Could you please show more information about issues you encountered? 1. What is your OS version? Could you please run "systeminfo | findstr OS" on command console to get it? 2. For mouse does not work, do you run FreeBSD VM in your local windows host or remote host? In other words, if you login remote host through RDP, you will find mouse does not work. It is a known issue. 3. For DHCP failed to get IP address, did you use wireless network? 4. Could you please attach the dmesg dump for reboot caused by "resync"? Thanks for your reporting issues.
And some more questions to Michael, About the DHCP-not-working issue: DHCP should work in 10.3 VM. All that we need to do is adding the line in /etc/rc.conf: ifconfig_hn0="DHCP" How did you configure DHCP in the VM? It looks you're running gnome and use the Network Manager in gome to configure the network? I didn't try gnome and will try it today. BTW, when DHCP doesn't work in your side, can you please try running "dhclient hn0" manually and see if it works or not?
(In reply to Michael Faklis from comment #0) > The mouse integration between the client (FreeBSD) and the Hyper-V host does not work, Can you please describe how the mouse doesn't work? Are you using text mode console or X when it doesn't work? Is your "Virtual Machine Connection" program running on local machine, or a remote server (e.g., by RDP)? In my test, the (legacy PS/2) mouse can work in the VM's texe mode and X. > requiring a CNTL-ALT-Leftarrow salute to get back to the host session. Yes. This is a known issue. To resolve it, we need to add a Hyper-V mouse driver, which is in our TODO list.

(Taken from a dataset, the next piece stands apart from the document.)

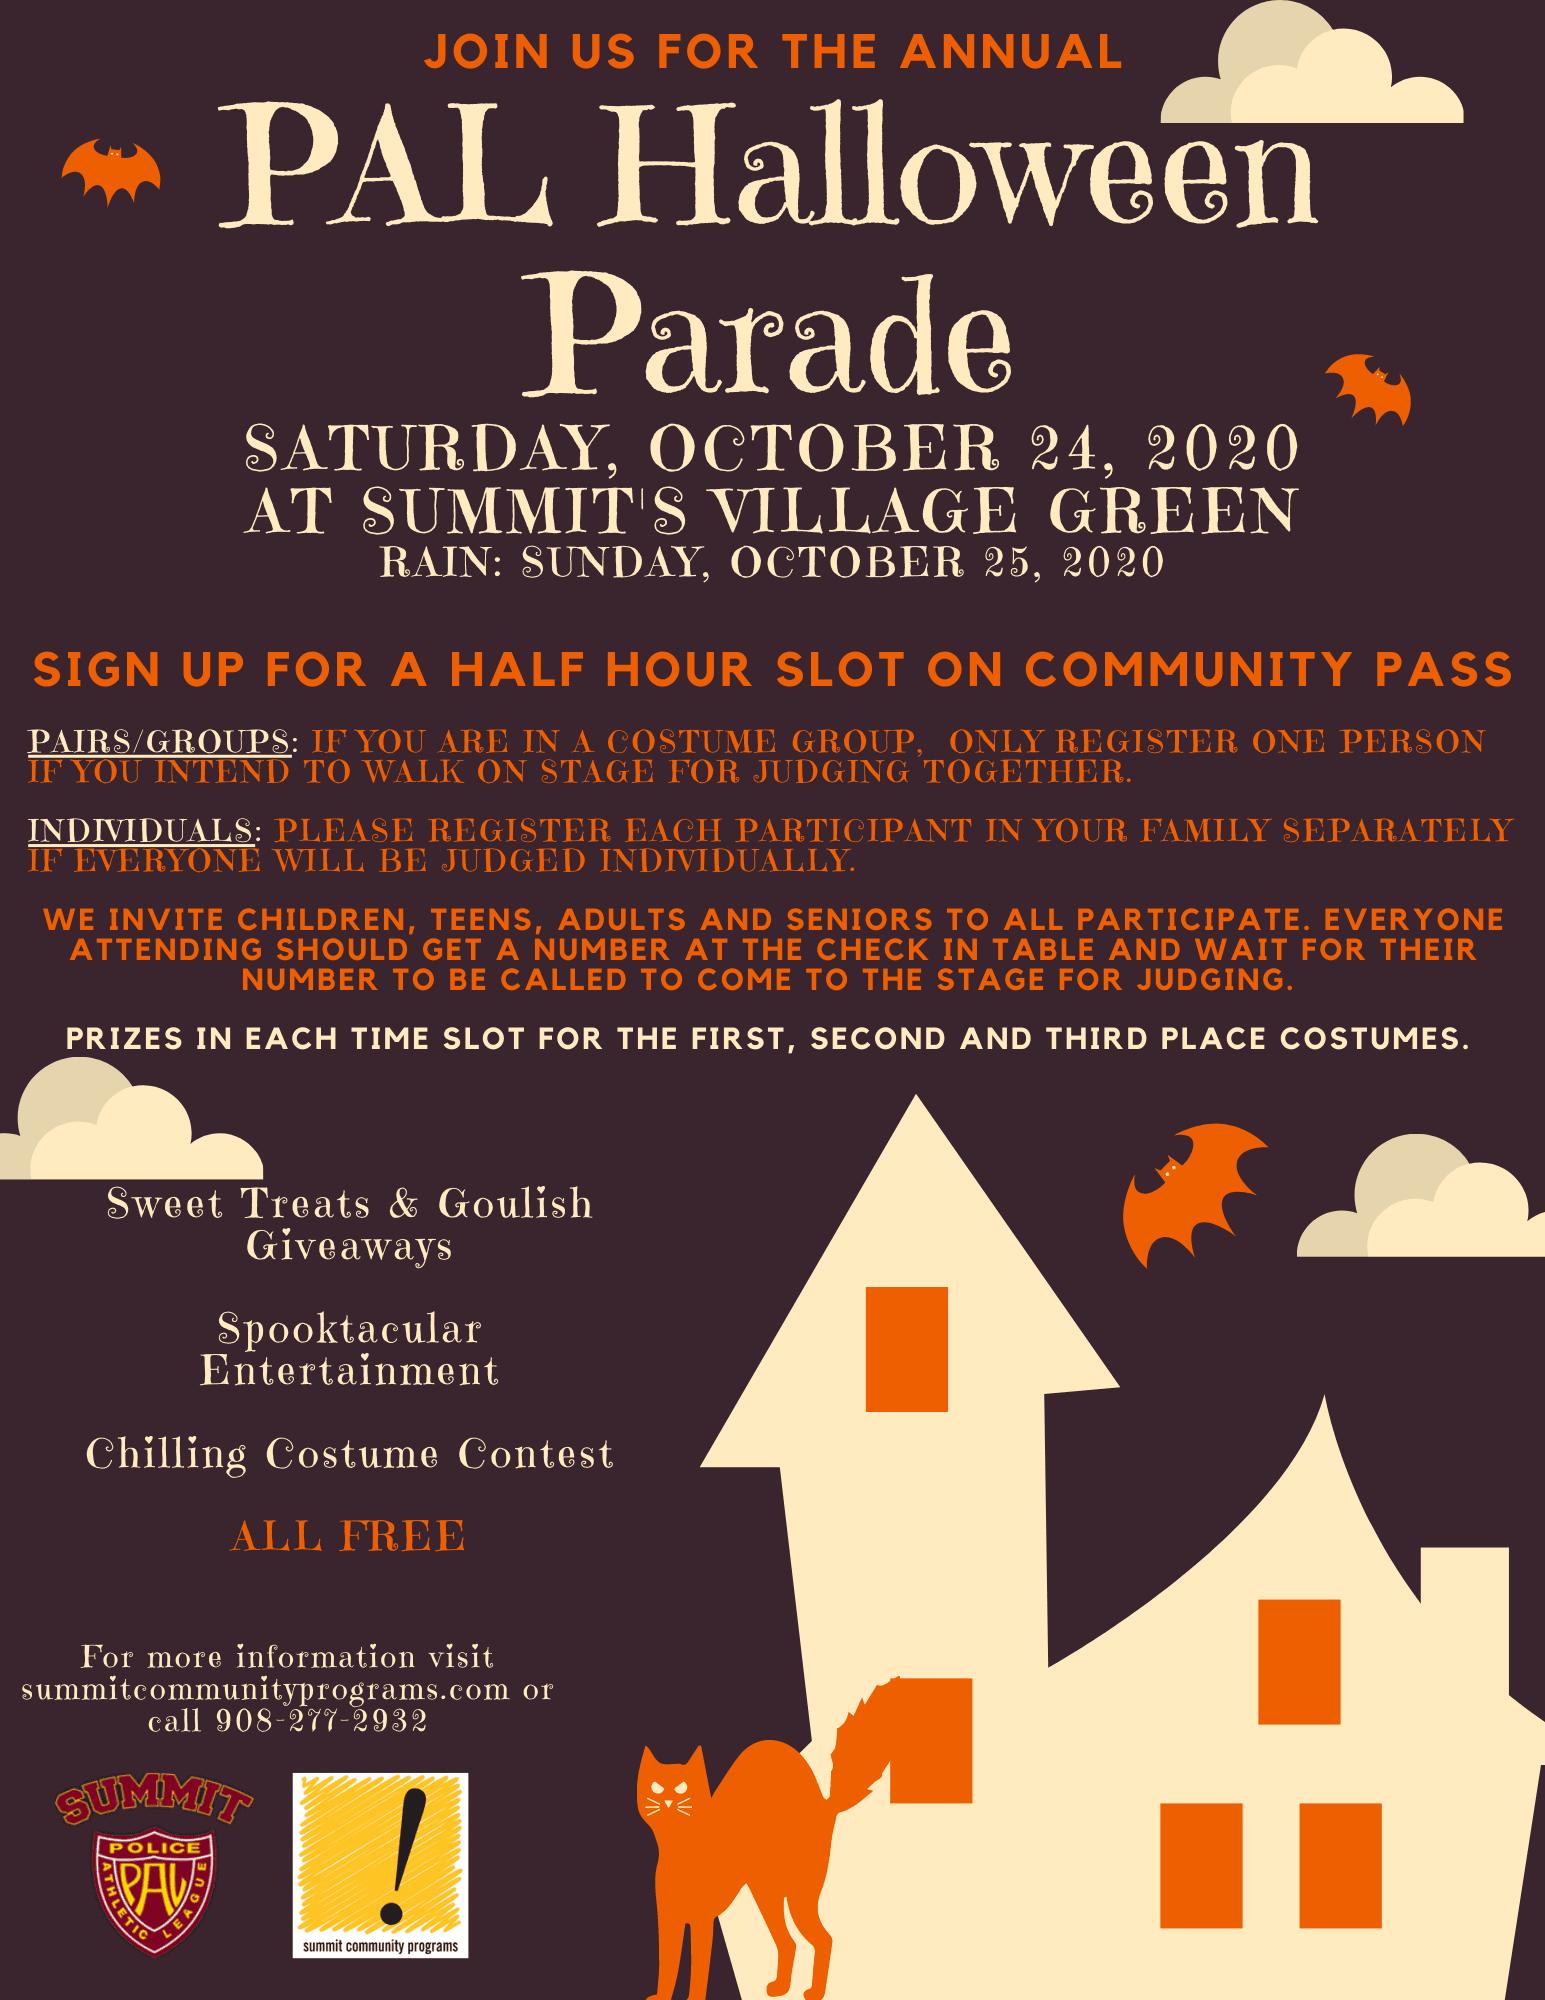 Pennsburg Halloween Parade 2020 PAL Halloween Parade | Summit Community Programs, NJ

(In reply to Michael Faklis from comment #0) > Does not resync the monitor when entering the X session, or when returning to > the X session when switching back from another virtual terminal session. The > virtual machine reboots (usually) three times before the X session resyncs to > the virtual monitor. This means all work in progress is terminated. I don't have the "no resync" or "reboot" issues. I can switch between X (gnome) and ttyv0~ttyv7 without any issue. The only issue is: the swtich is a little slow -- it takes about 3 seconds: this is a known issue (we need to add a Hyper-V framebuffer driver which is also in our TODO list). BTW, by saying "the virtual machine reboots", do you mean the VM crashes?
Created attachment 174571 [details] FreeBSD 10.3 VM on HyperV (Windows Server 2012 R2)
(In reply to Dexuan Cui from comment #5) To prove what I said, I uploaded this screenshot: I installed gnome-3 in my 10.3 VM, and installed Chromium browser. Everything works fine. Note: there is a mouse cursor on the left side, so you can see the mouse does work for me. BTW, if you run the "Virtual Machine Connection" program in a remote RDP session, the mouse doesn't work for now, due to the lackness of Hyper-V mouse driver.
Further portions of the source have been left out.